Assim, cada imagem, cada objeto ali exposto, oferece-se inteiramente, com mediação quase nula entre obra e sujeito. E a este, cabe explorar o que, em um primeiro momento, parece apenas mero objeto; cabe aceitar as provocações que, por exemplo, propõe uma ratoeira cujo título é “armadilha para não pegar”; cabe descobrir o que cada detalhe tem por revelar. E os desafios são muitos: cavalos vermelhos, imagens que ganham vida através de fuligem, mesas que desaparecem parcialmente no chão envoltas por barquinhos de papel, formas que brincam com os limites entre figuração e abstração, bandeiras formadas por balas de revólver, elefantes de espuma, cruzes que surgem em meio a quadros aparentemente monocromáticos. O que cada uma delas quer dizer? A resposta, desta vez, não vem de fora.
Se o espectador entender que estas obras podem funcionar como gatilhos que, após acionados, iniciam um processo no qual só se chega ao fim quando seus valores são transformados, ele descobre o prazer de, mesmo que por alguns minutos, abandonar seus valores que tanto preza para se arriscar em novas possibilidades. E durante este processo, percebe que a falta de respostas claras, que provavelmente o incomodou em um primeiro contato, não é mais um problema, pois a experiência de navegar por um caminho que antes sequer existia já se basta.

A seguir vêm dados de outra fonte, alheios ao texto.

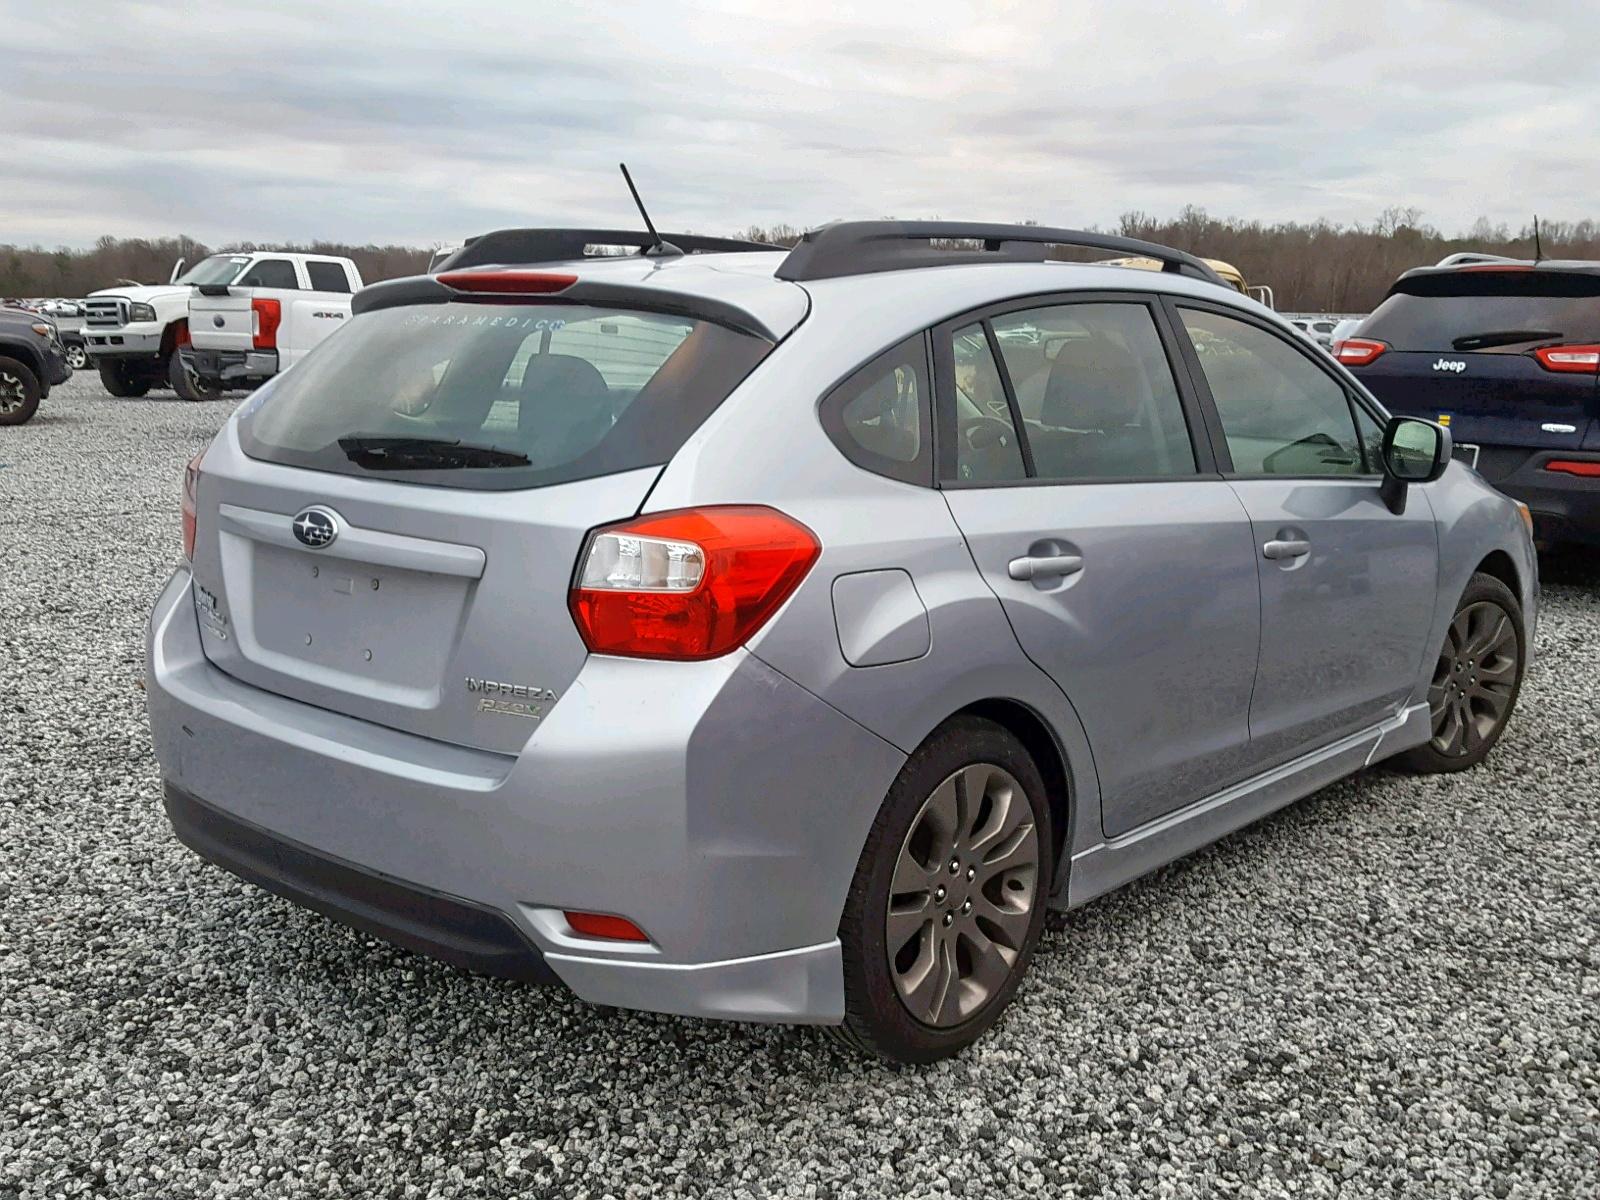 JF1GPAL60DH827185 - 2013 Subaru Impreza Sp 2.0L rear view

Se na era dos artistas a não interferência de leituras fixas possibilita ao espectador assumir a construção de significação das obras, bem como de suas inter-relações, as infinitas possibilidades intrínsecas a elas potencializam-se. Com isso beneficiam-se não apenas a relação sujeito e obra de arte, mas também o próprio sujeito, agora capaz de deixar-se ser verdadeiramente transformado pela obra. E se a proposta fosse abraçada no meio artístico, seria fácil dizer que a era seria, então, do espectador.